Three Wishes program makes dying process a little less painful

Having a loved one, or a patient, die in a hospital's intensive care unit is painful and stressful to families and caregivers.

UCLA's Westwood ICU is the first in the United States to initiate a pilot research program to make the dying process more personal and dignified for patients and families.

It is based on a similar program in Canada. The Three Wishes program made one man's end of life a little less painful for his wife.

Adam and Sandy Levitt loved the outdoors.

"He was always like if it's sunny out here, we have no excuse to be lazy, so we were always going for hikes, biking, walking down by the beach," Sandy told Ivanhoe.

They married in 2015. He'd suffered from an autoimmune condition for years. Last year, he got an infection and went into the ICU.

When it was clear Adam wasn't going home, an ICU team moved Adam and the equipment that was keeping him alive to the terrace.

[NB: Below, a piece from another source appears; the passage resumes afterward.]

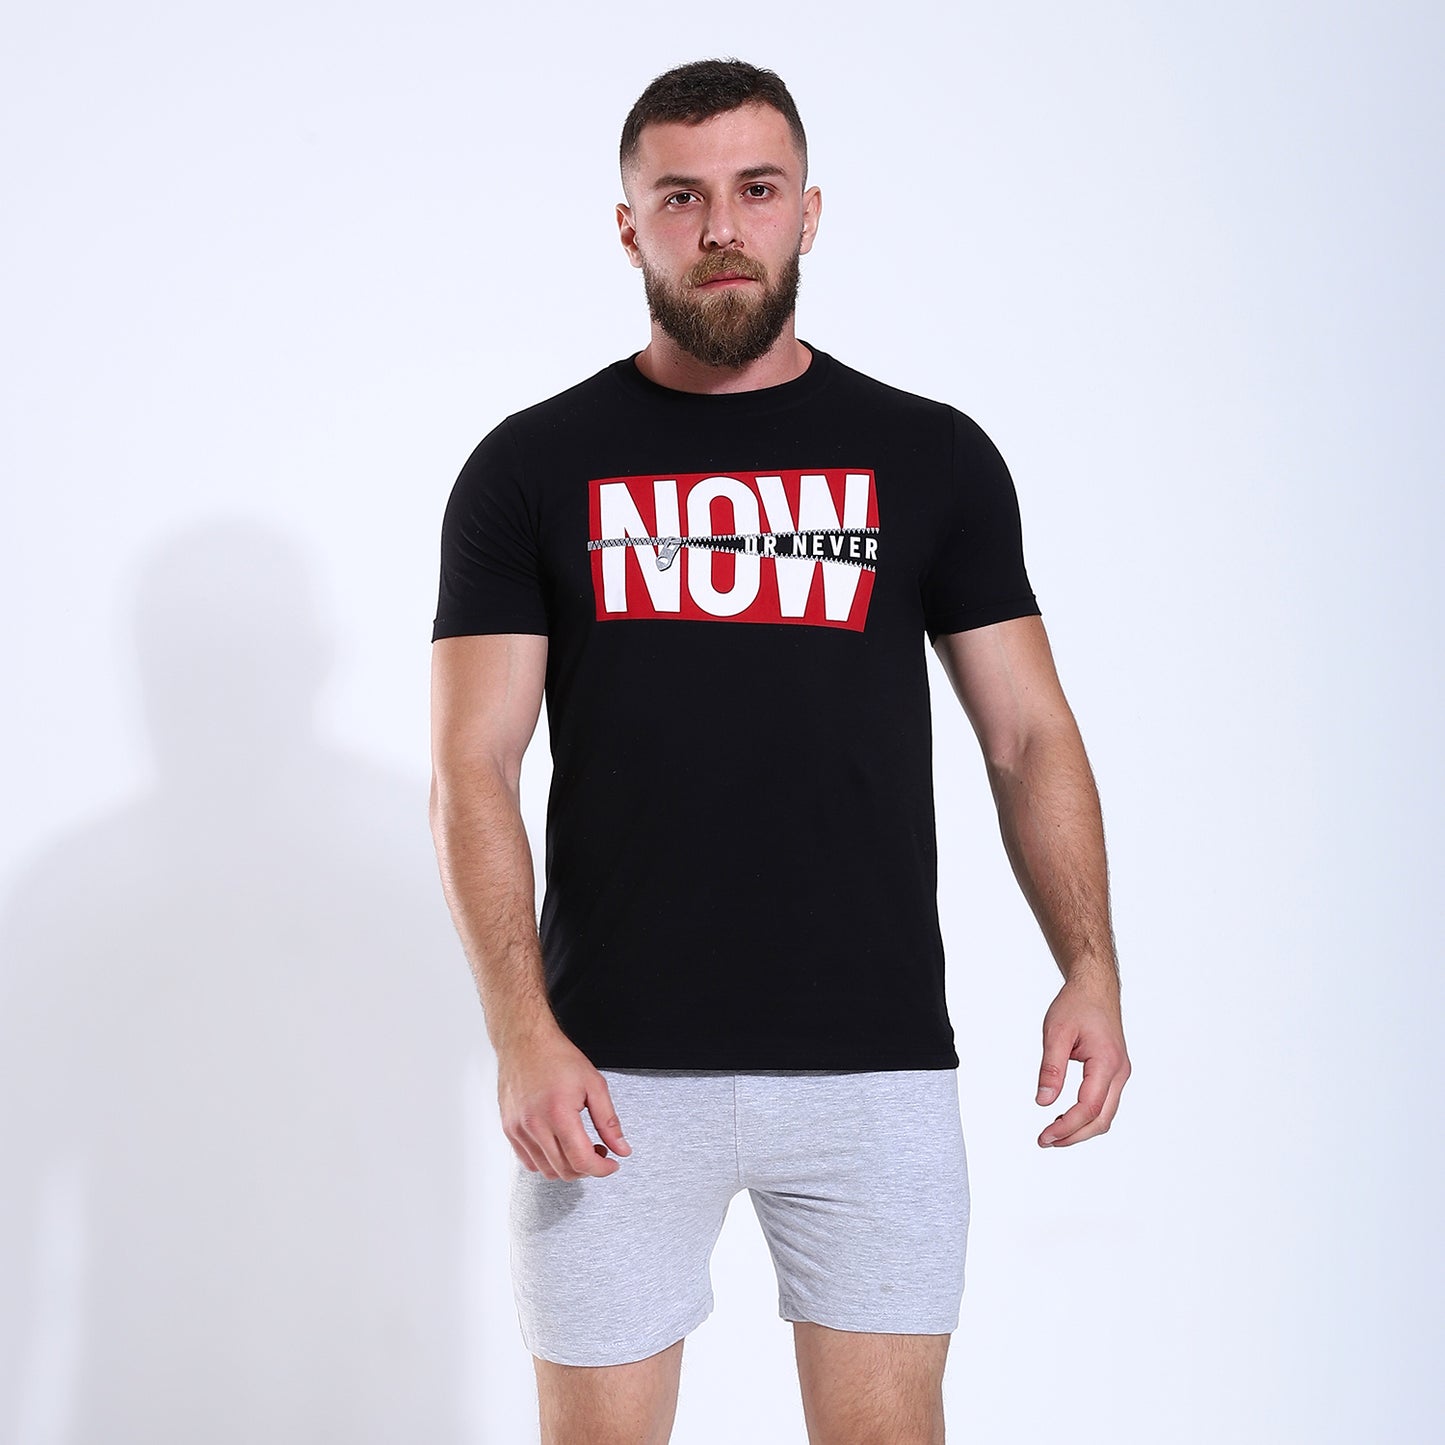 Men's "Now Or Never" Printed Short Sleeves Pajama212
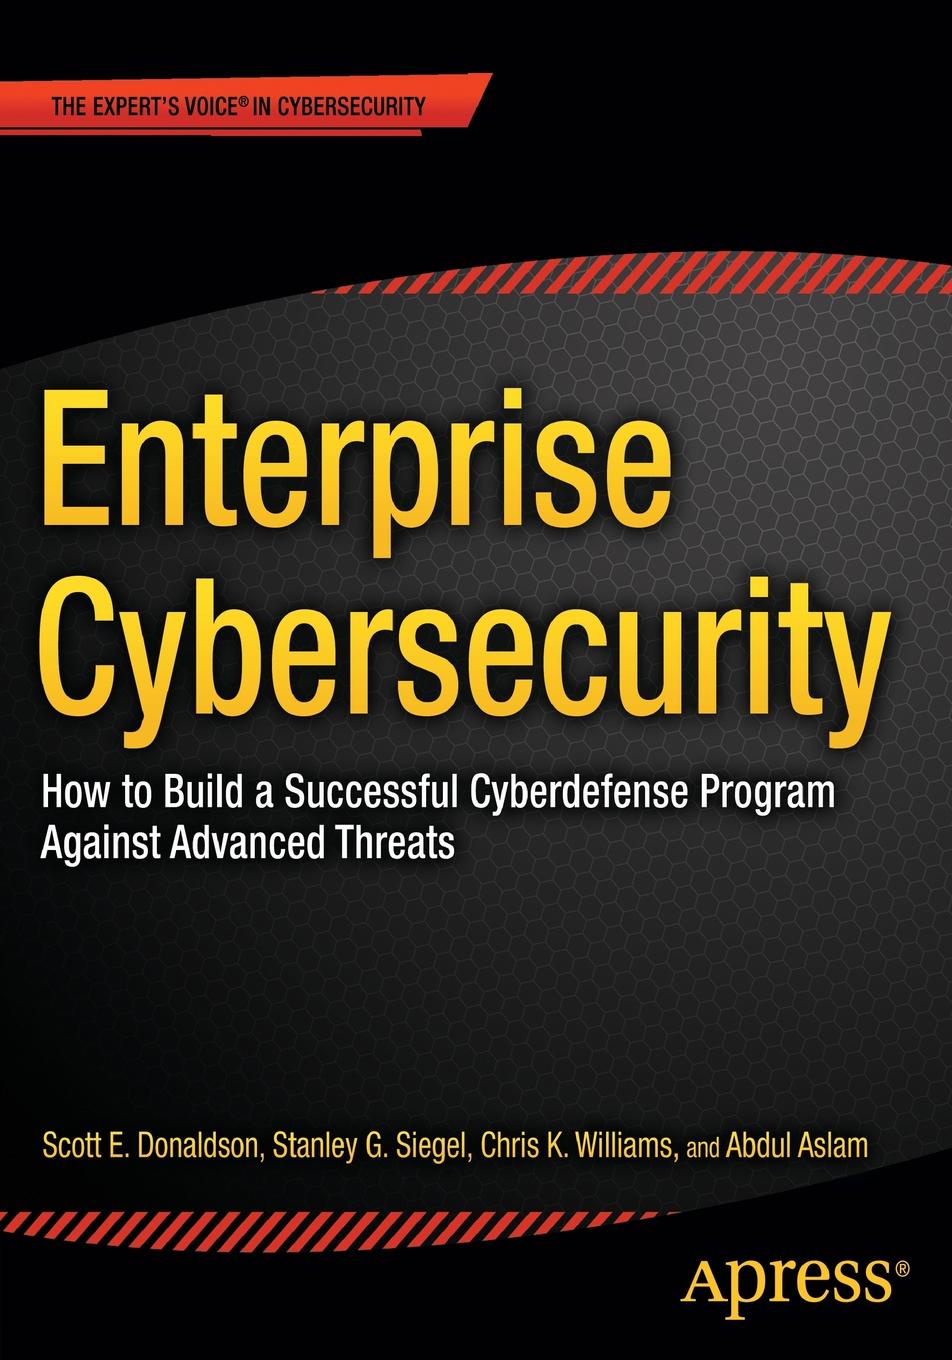 Enterprise Cybersecurity. How to Build a Successful Cyberdefense Program against Advanced Threats

"I handed Sandy a blanket and she crawled into bed with Adam and we disconnected him from the ventilator. He was able to peacefully pass," shared Thanh Neville, MD, MSHS, Assistant Professor of Medicine at UCLA.

Sandy continued, "Adam and I loved walking down to the beach and watching the sunsets together. So the fact that we could enjoy one last sunset together was ... meant a lot to me."

Sandy told Dr. Neville she still sleeps with that blanket because it's the last thing Adam touched.

The Three Wishes team has blankets, frames, pictures - all kinds of things to help patients and families with the end of their life.

"I feel privileged and honored that for the very first time that doctors and nurses are really able to do something very active in a patient's and family's darkest, darkest moment," explained Dr. Neville.

Dr. Neville is gauging the impact of Three Wishes on families like Sandy and ICU staff. Responses have been overwhelmingly positive.

Dr. Neville says they've filled wishes like creating a last date night, filling a patient room with memorabilia from Hawaii, and bringing in a harpist to play classical music. They've fulfilled more than 400 wishes for 100 patients at an average cost of 30 dollars. The project has already expanded to UCLA Santa Monica. Dr. Neville hopes other hospital systems all over the country adopt the program.